What exactly is the benefit of a dedicated hardware FPGA over regular classic software emulators?
Each logic elements of an FPGA is programmable to match the data, adresses and instructions as exactly the old system was made like. It's basically to make a copy of the old CPU and other chipsets into an FPGA, there's no higher level interpretation from a different language to send then to a modern processor to create what it should be like, which is software emulation. Some cores are exact recreations, some not, but still very close to the real thing. Some peoples have even delid old chipsets to make better VHDL codes to match the circuit.
As someone who learned VHDL for FPGA during electrical engineering, I kind of respect madly FPGAs. You basically rewire a blank state processor to match to perfection another chipset.
For software emulators, processors from PC are generally just steamrolling the problem away, even though the clock cycles of all console components don't make sense for the x86 CPU, it iterates so fast that it kind of keeps up. FPGA since it can do all chipsets in a perfect circuit, each clocks given by the FPGA can run the whole system at 100% accuracy. If old system had a chipset that would maybe skip a clock or more for whatever reason, you program that too. So you need way less speed than a processor that is running software emulation. On FPGA everything is parallel, if the user wants, it can do the maximum systems the FPGA can contain and run it all in a single clock instantaneously, no queue, no thousands of stalls to wait on the old slugish ass processors instructions to be done in the sake of accuracy.
I suggest looking also at my answers at the bottom.
Not this again...
VGEsoterica
my bro, could you please put a disclaimer every time you post a thread, that FPGAs are not inherently more accurate than software emulators? You obviously love FPGAs and like to inform people about them, you could help stop this misinformation that always spreads in your threads, thanks.
I suggest this read
How can it take 3GHz to emulate a Super Nintendo? The man behind a major SNES …
arstechnica.com
PCs have brute forced their way into it but for ridiculous amounts of processing power to match puny decades old chips, and some
still have problems.
This guy's whole video is a pretty good explanation, I suggest watching it, but the part about software accuracy more importantly.
What typically happens with all software emulators, even the accurate ones, is that it depends on a huge effort from the team to hack their way around the problems with tweaks on timing values, patch out certain needs and areas of code. It's a lot of effort. They've done it for most of the games of course, over decades of effort and countless man hours and a monumental gap in power between the original hardware and the modern PC.

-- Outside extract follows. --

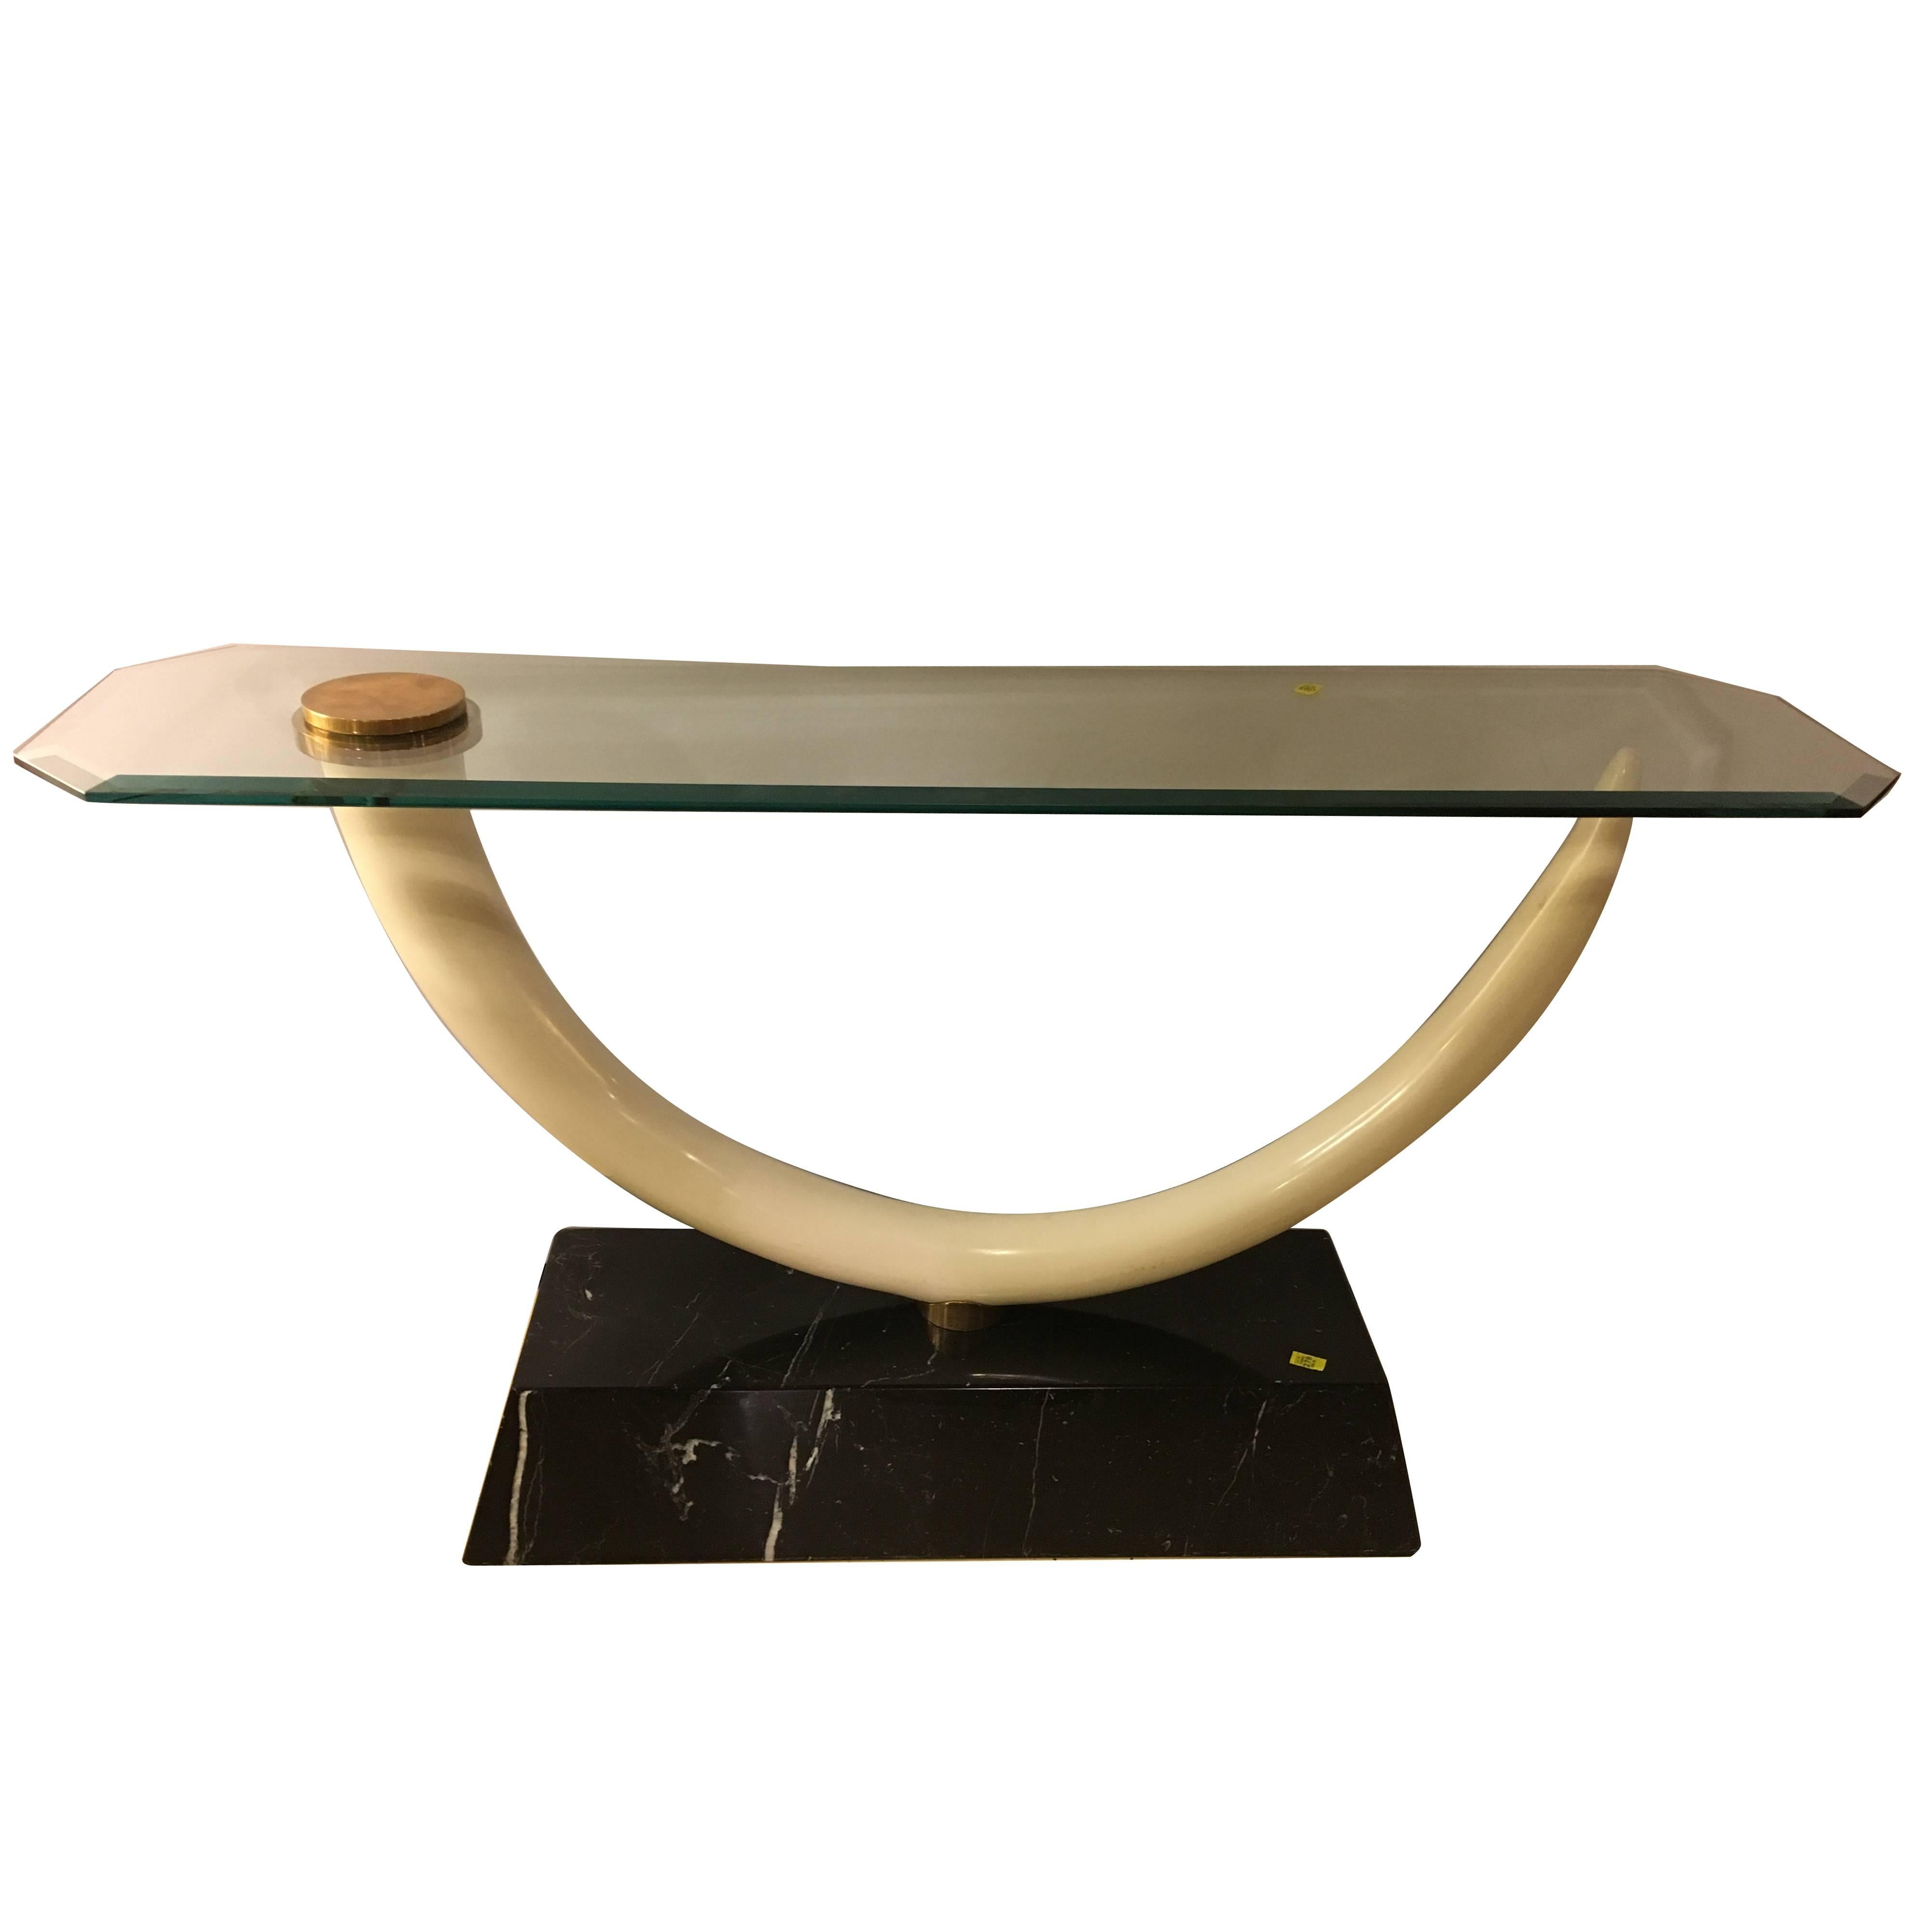 Elephant Tusk Glass Top and Marble Based Console Table
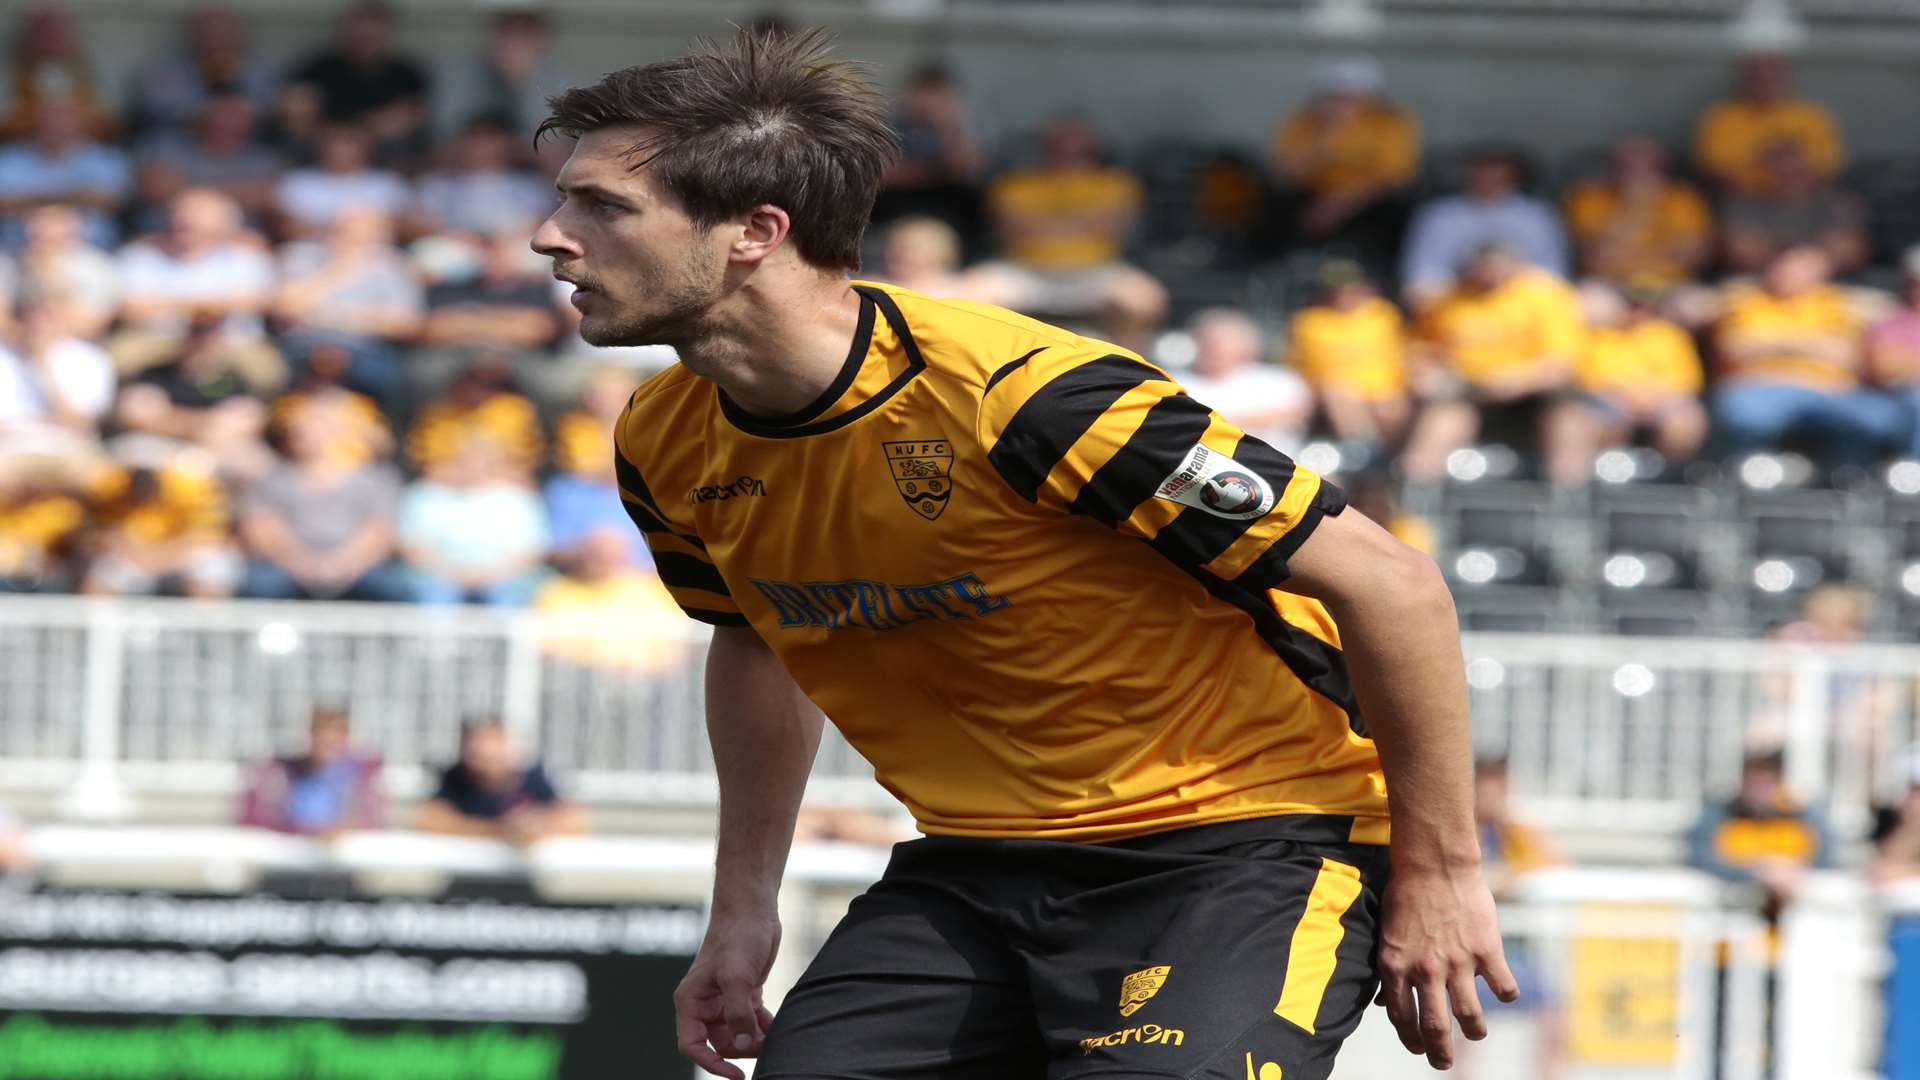 Joe Healy returned from injury for Maidstone Picture: Martin Apps

While when the FPGA core is up and running, that's it. That problably covers 99~100% of all game library to run as it was intended.
There's so much focus on popular consoles like NES/SNES/SMS/Genesis, etc that it looks nearly perfect and I would say indiscernible from FPGA
Then software emulation completely fails an
amiga 500 while mister FPGA will cruise on that. But not popular so not talked about.
You can have the same perfect speed timings on a software emulator. Input lag is a different issue and isn't a problem caused by the emulator itself but the OS. This is also explained in the article i linked.
Not all software emulators have the same accuracy. It's a tradeoff of performances. There's specialty emulators that aim for high accuracy such as
Higan
As of a few years ago, it was the only emulator not bugging out on Yoshi's island. ZNES is notorious for inacuracy in general. SNES9x did a better job, but still off. Again, modern CPUs steamrolled it eventually, Higan was the go-to for the best experience, but the SNES emulators on say, a 3DS, would bug out on this game.
I don't have any horses in this race, I don't own any FPGA emulator nor any software handheld emulators. But having worked on VHDL FPGAs I understand the gist of the why they do it. Is it required to play retro games? No. Is it expensive? Yes. After that it's a choice.
Software emulators are dependent on OS changes, API changes, hardware changes. They patch something, break something. It's the typical cycle that devs are left with a clinging community to
always support them even though the emulator is old as shit.
I think that's something FPGA is making it a lot more simple. If the core is good, that's pretty much it. There's no OS/Driver/API/hardware configs to debug. All mister FPGA cores could be ported to a bigger FPGA (Mars FPGA if it releases?) and remain the exact same performances, as long as the other FPGA is an upgrade in every senses. That's another thing for simplicity is how easy they are to have accurate results without tweaking. While software emulators are configured for general compatibility but then something is a bit off and you have to tweak it in the settings. Some want to pay extra money on that and I get it.
These guys who are good at VHDL probably don't even understand that if they focused their attention to aerospace industries they would be paid big sums of money compared to their emulator hobby as it's very tough to find good VHDL programmers nowadays, but aerospace industries use that heavily for how solid and reliable it is.